The competition watchdog said it found evidence to suggest that CK Hutchison should have sold its passive infrastructure assets to an alternative buyer rather than market leader Cellnex

UK’s Competition and Markets Authority (CMA) has raised concerns over a UK telecom tower deal between Spain's Cellnex and Hong Kong's CK Hutchison, saying it could lead to higher prices and lower quality services for network operators.

The competition watchdog said on Tuesday it found evidence to suggest that CK Hutchison should have sold its passive infrastructure assets, including towers and masts, to an alternative buyer rather than market leader Cellnex.
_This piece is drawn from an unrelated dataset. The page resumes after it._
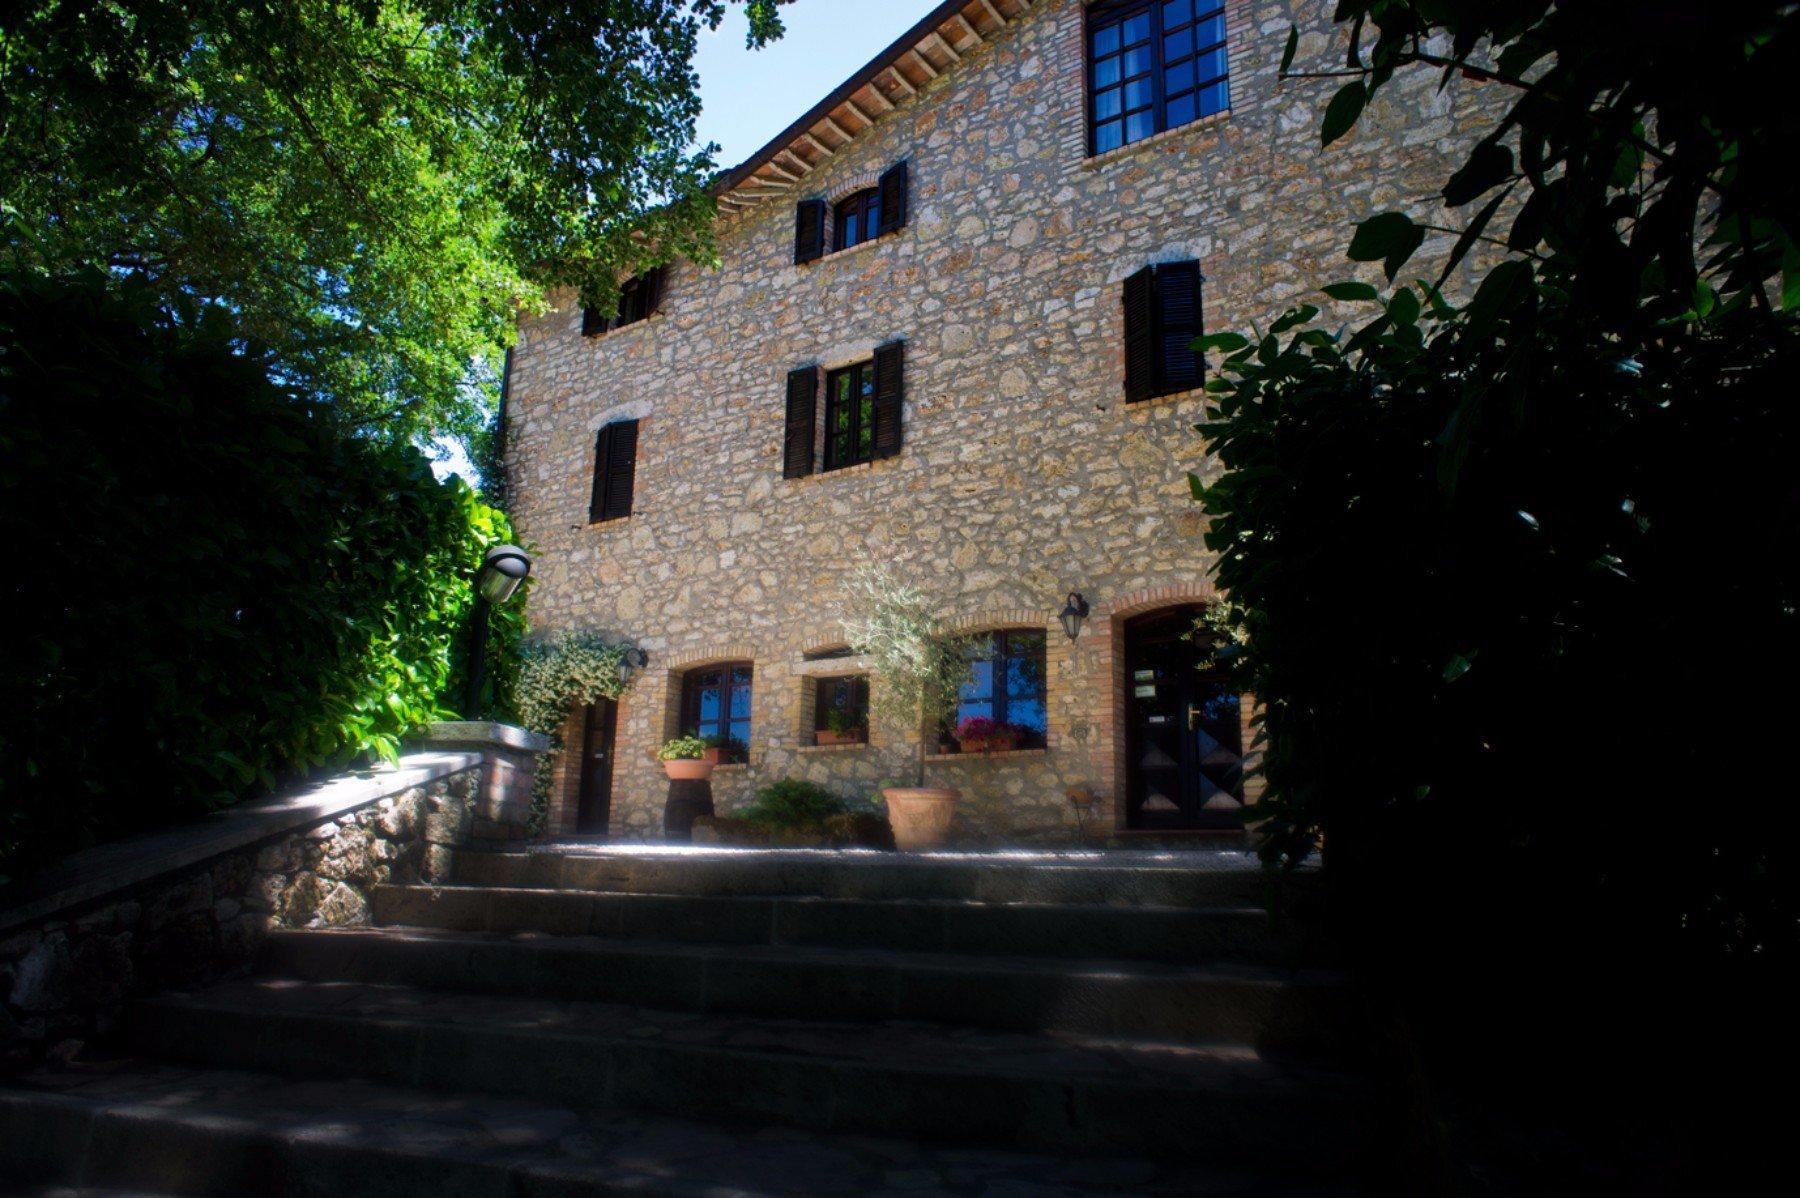 un edificio in pietra

Last year, Cellnex said it would buy 24,600 telecom towers across Europe from CK Hutchison, which owns the Three mobile network in the UK, for 10 billion euros ($11.81 billion).

At the time it was reported that the acquisition would add nearly 24,600 towers to Cellnex's 60,000 masts across Europe including nearly 6,000 mobile phone masts across the UK.

After the completion of Phase 1 of its investigation in May, the CMA found that the deal raises competition concerns in relation to the independent supply of passive infrastructure assets.

A sale to a firm other than Cellnex, the largest independent supplier of mobile towers in the UK, would help sustain healthy competition, the CMA said.

It's important that services provided to mobile networks remain competitive so that the millions of businesses and consumers across the UK that use mobile phones can enjoy lower prices, said Mike Walker, chief economic adviser at the CMA.

Responding to CMA's statement, a Cellnex spokesperson said the company would review the regulator's findings and work closely with it to address the concerns.

Cellnex and CK Hutchison have five working days to offer legally binding proposals to the CMA to address the competition concerns identified.